Integrated optimization and environmental application of chlorohydrolase-positive bacterial isolates for enhanced atrazine degradation and genotoxicity assessment

Atrazine (ATZ), a widely used broad-leaved weed management chemical in agriculture, with a half-life of 30–740 days, poses a threat to the ecosystem. Its residue is found in various levels of soil and aquatic ecosystems. In this study, three new strains were identified and used to treat effectively, thereby reducing toxicity and rapid degradation. Bacillus mycoides strain (P2), Pseudomonas sp. strain(P3), and Pseudomonas furukawaii (P6). The degradation efficiency was found to follow the order P3 > P2 > P6. Over a twelve-day experiment, all strains demonstrated atrazine utilization, with a half-life period ranging from 65.53 to 102.32 days by using pseudo-first-order kinetics.
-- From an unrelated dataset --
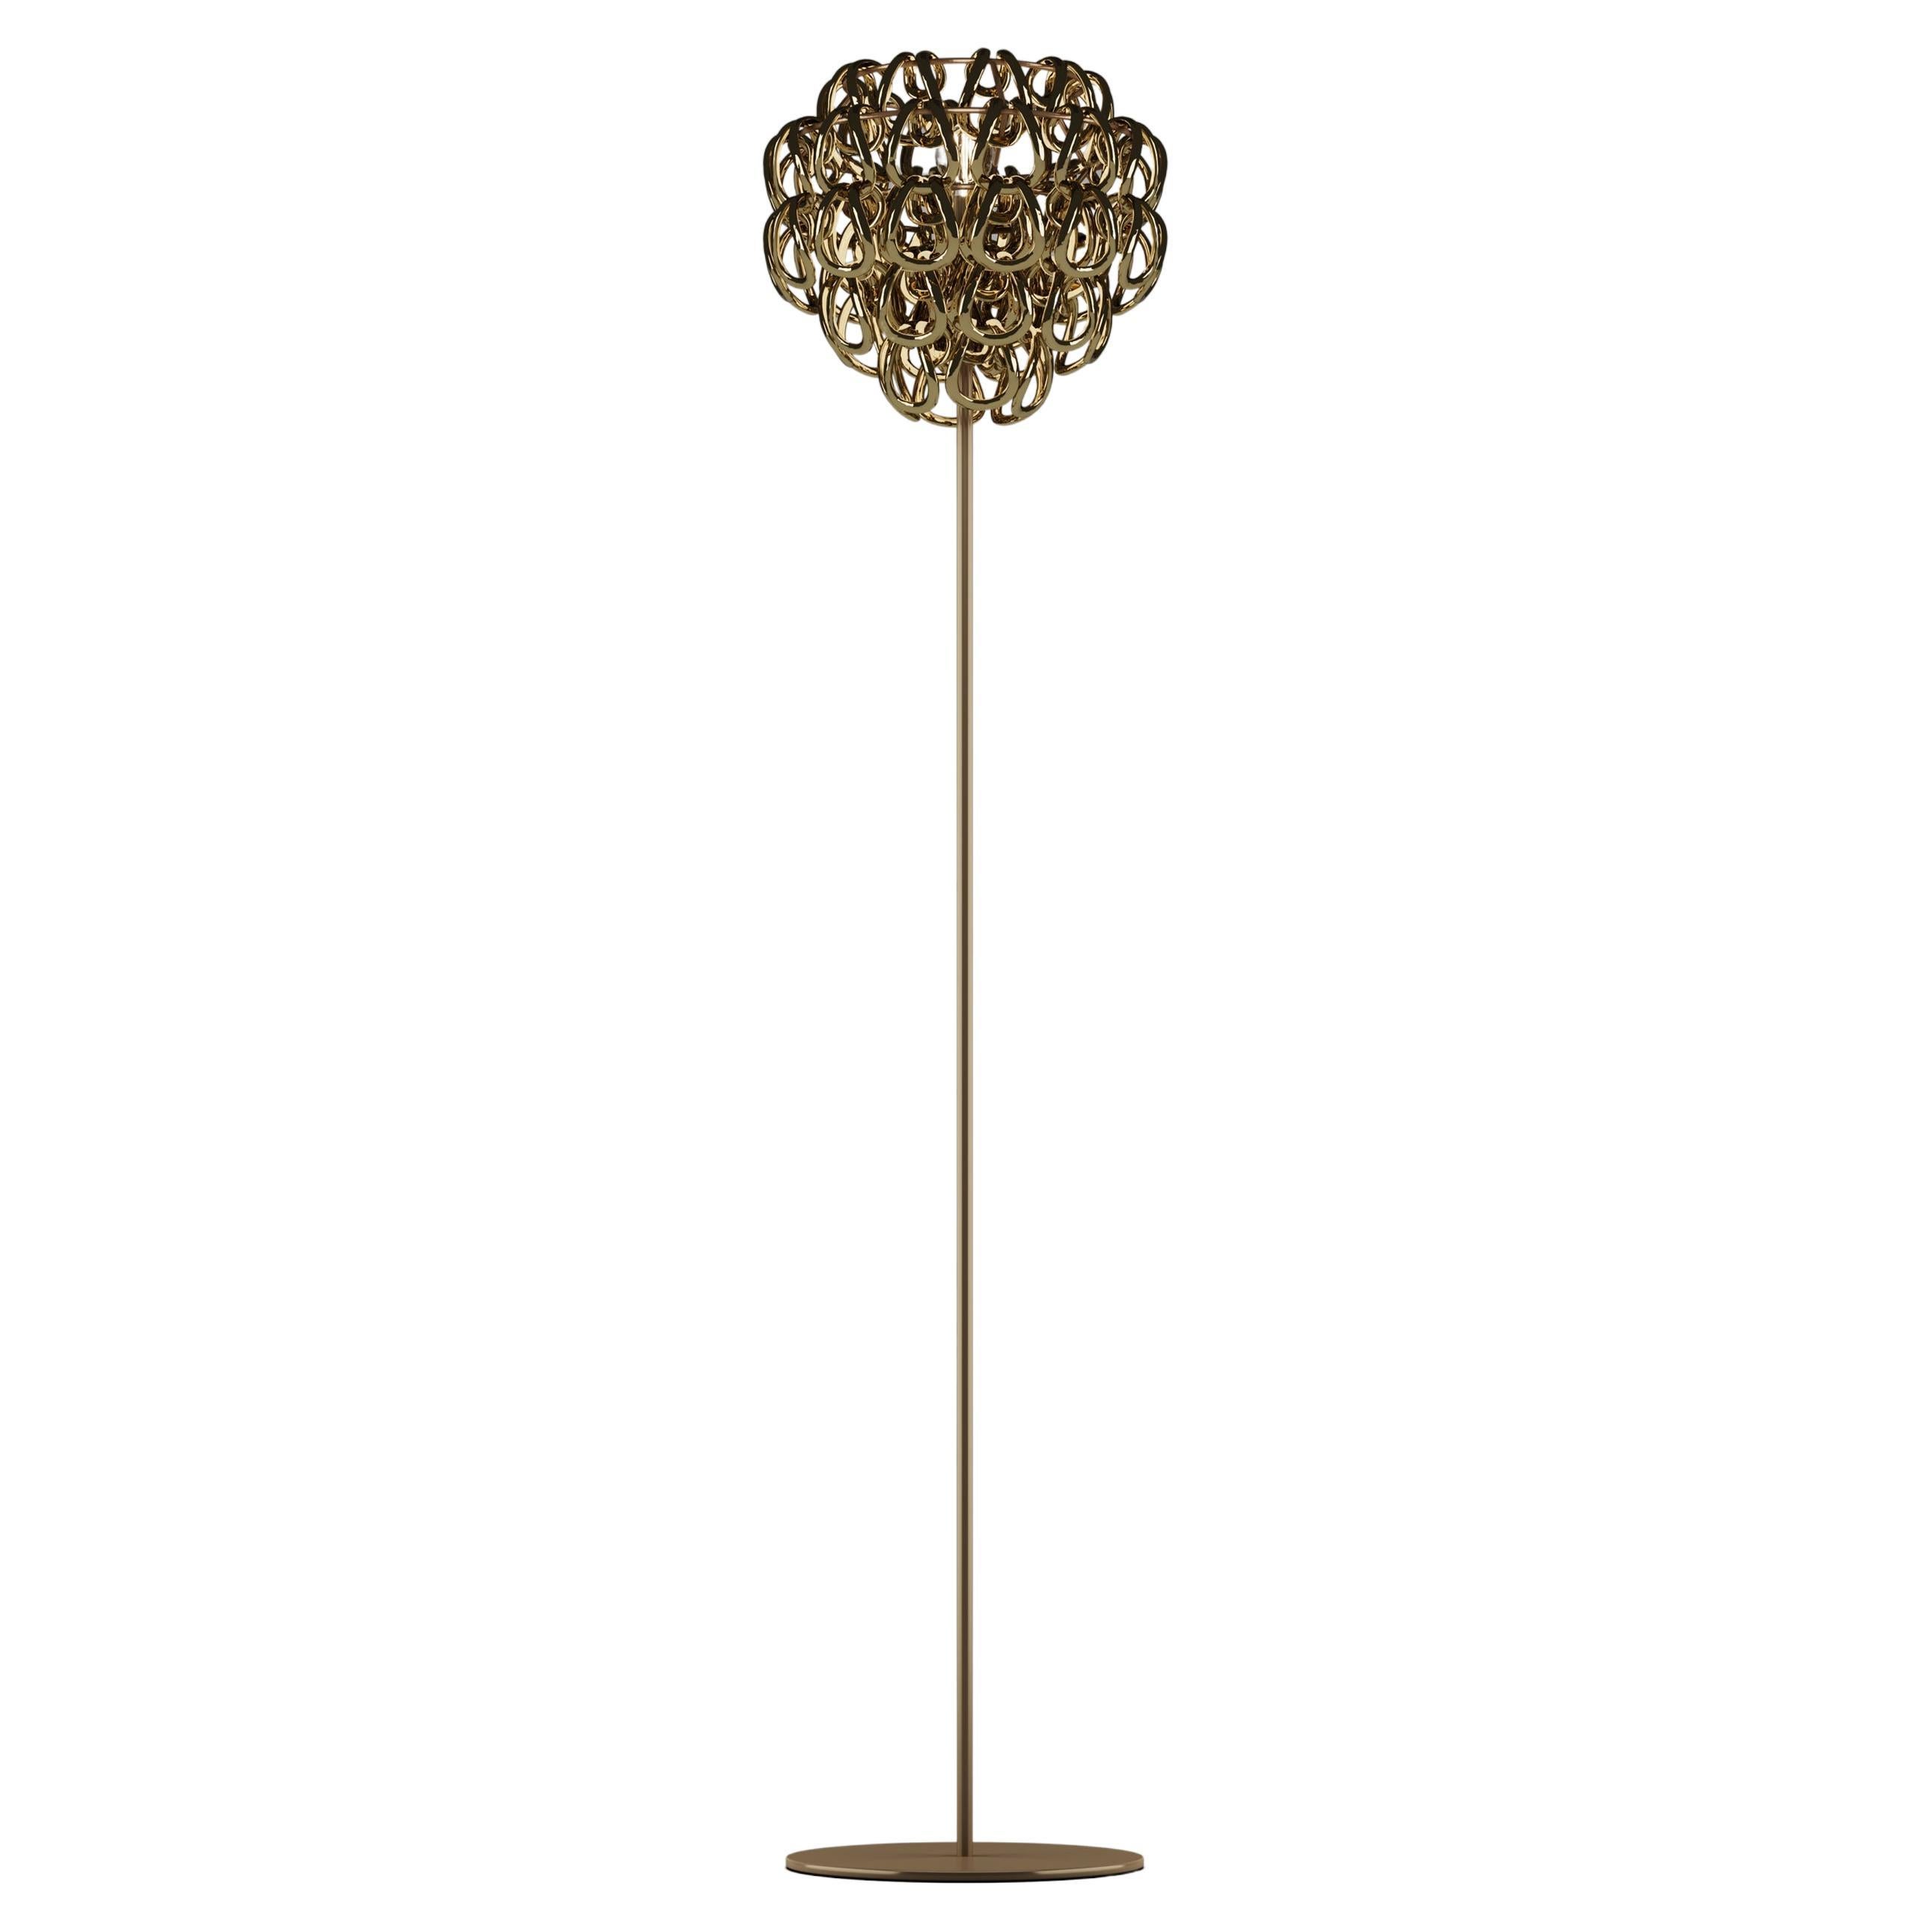 Vistosi Giogali Floor Lamp in Crystal Gold with Matt Bronze Frame

Response surface methodology was employed to optimize the biodegradation parameters, including atrazine dosage, pH, and temperature, for all three strains. The investigation revealed that the optimum conditions for atrazine degradation by all strains were pH 7.4, temperature 32 ± 2 °C, and concentration 100 mg/L. Gas chromatography-mass spectrometry results identified the major degradation products of atrazine, including Deisopropylatrazine (DIA), Deethylatrazine (DEA), and Cyanuric acid (CNA) at RT 6.46, 12.22, and 14.22, respectively, also closely align with the predicted statistical design model. All three isolated strains exhibited hydrolysis of Atrazine, suggesting the presence of intracellular Atrazine chlorohydrolase enzymes. Genotoxicity studies on the degradation products depicted toxicity in the order Atrazine>DEA>DIA>CNA. These atrazine-biodegrading isolates show promise as effective remediators for atrazine-contaminated agricultural soils and crop fields in terms of laboratory efficacy and practical application, as well as for environmental cleaning processes involving other pesticides.